На крики о помощи прибежали двое местных рыбаков, проплывавших поблизости на лодке. Они буквально стащили озверевшего Провоторова с потерпевшей. В итоге на Бориса завели уголовное дело. И единственное, чем смог тогда ему помочь почти всемогущий, по сельским меркам, дядька, — посоветовал попытаться загладить вину, предложив потерпевшей руку и сердце. Согласиться на замужество Марине жестко указали тетка и завдетсадом.
— Ну, посадят его, ирода, так тебе что с того толку? — втолковывала Евдокия Спиридоновна. — С клеймом порченой век ходить будешь? А так стерпится — слюбится. Не век же тебе у меня в приживалках ютиться. Вон, свои как на дрожжах подрастают.
— У Провоторовых дом хороший, хозяйство крепкое, — вторила завдетсадом. — Матери Борьки, конечно, палец в рот не клади, человек она скандальный, тяжелый; ну да уж зубы стиснешь, потерпишь. Глядишь — и она к тебе попривыкнет. Опять же и брат ее в станице если не первый, так второй после главы администрации человек. Не упусти свой шанс в жизни, девка!
…Свадьбы как таковой не было. Расписались молодые в ЗАГСе, в райцентре, а потом тесным семейным кругом за столом в доме жениха посидели. Дядька его, правда, там объявился, японский обеденный сервиз «Yamasen» на двенадцать персон подарил. С элементами декоративного искусства Страны восходящего солнца. Пятьдесят пять предметов, стоимость — почти сорок тысяч «деревянных». Не то что Евдокия Спиридоновна — постельное белье да простенький отрез на платье. Ну, с затрапезницы какой спрос?

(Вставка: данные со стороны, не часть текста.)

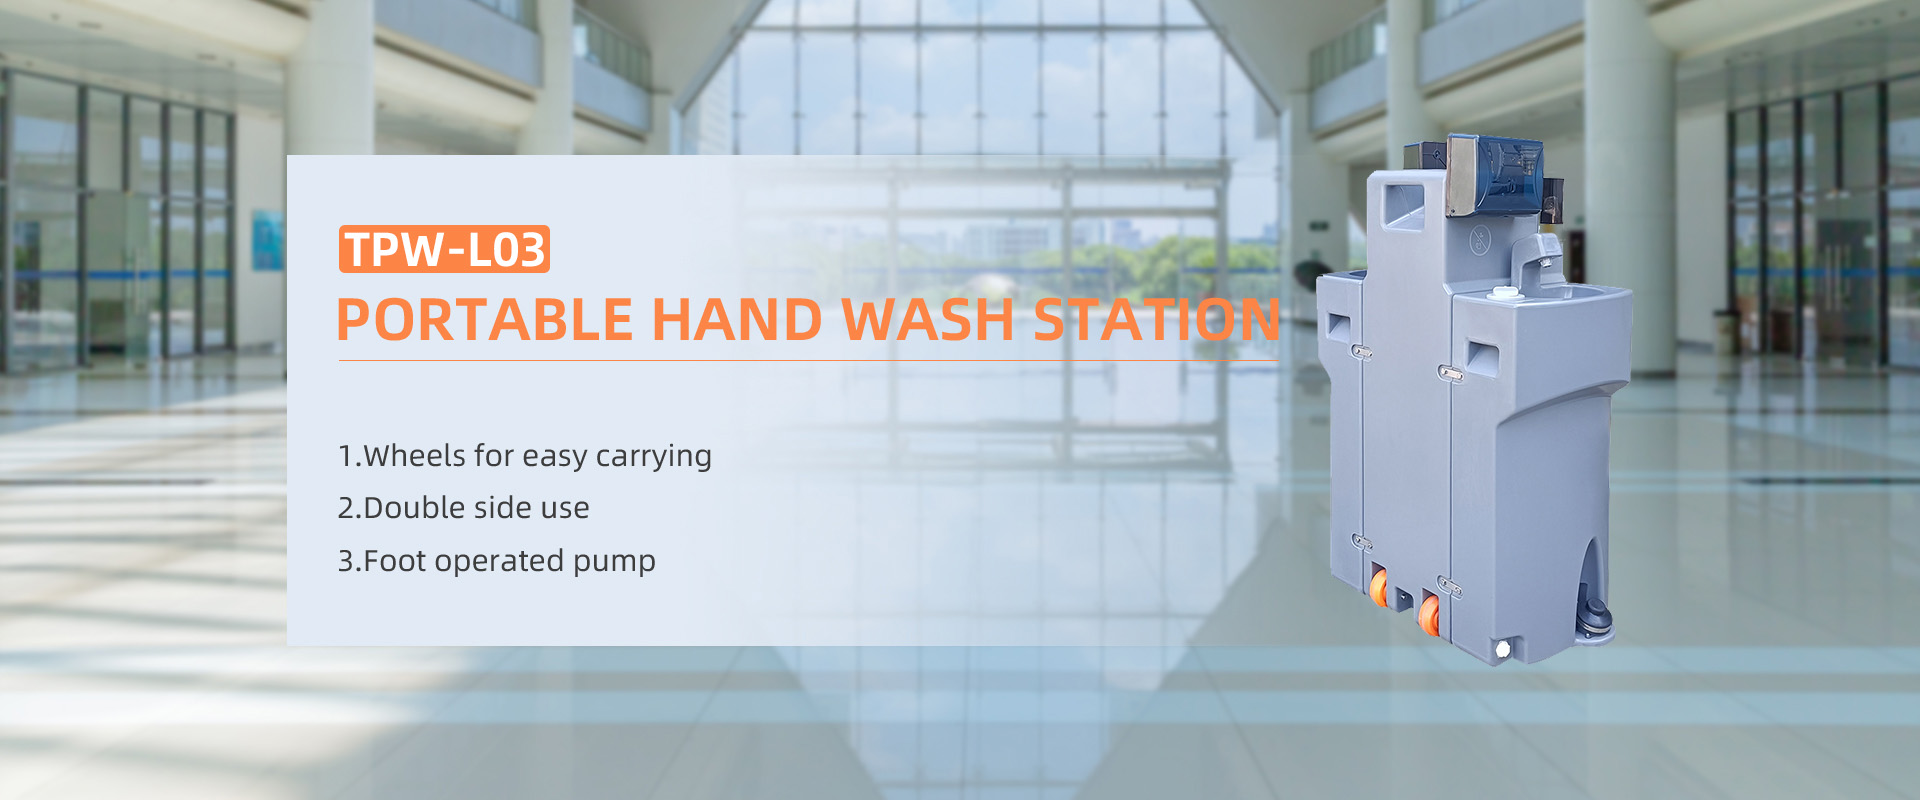 stesen basuh tangan mudah alih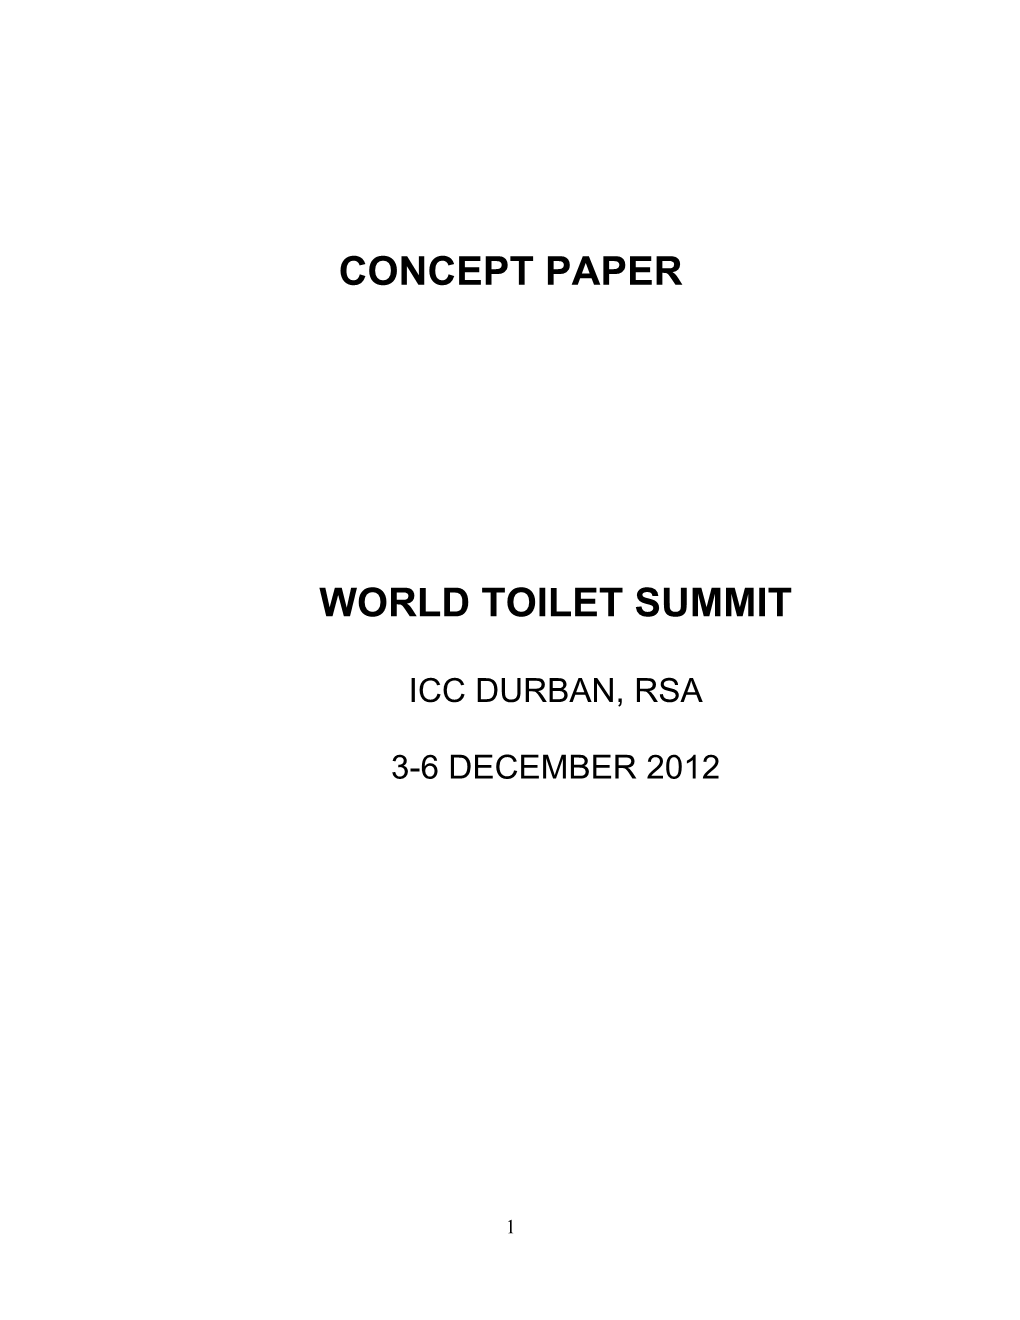 World Toilet Summit

Отметим сразу: невестку свекровь яро невзлюбила. Не о такой паре для сына мечтала. Борис ее ведь поначалу после школы — при помощи дядьки, конечно, — в РИНХ, Ростовский институт народного хозяйства, поступил. Только быстро вылетел оттуда пробкой, на корню первую же сессию завалив. Лодырничал много, занятия пропускал. Это при том еще, что в учебе дубоват-туповат. Побездельничал дома полгода — от армии его, разумеется, «отмазали», — вторую попытку получить «верхнее» образование сделал. Тут уж он до конца первого курса продержался — и опять на экзаменах «не повезло». Один «хвост» за студентом с зимы числился, да два новых, да еще сильно нетрезвым на глаза декану уже в самом конце сессии попасться угораздило… В общем, вузовское начальство стало в позу, и даже приезд влиятельного родственника не помог: из РИНХа Провоторова вторично отчислили.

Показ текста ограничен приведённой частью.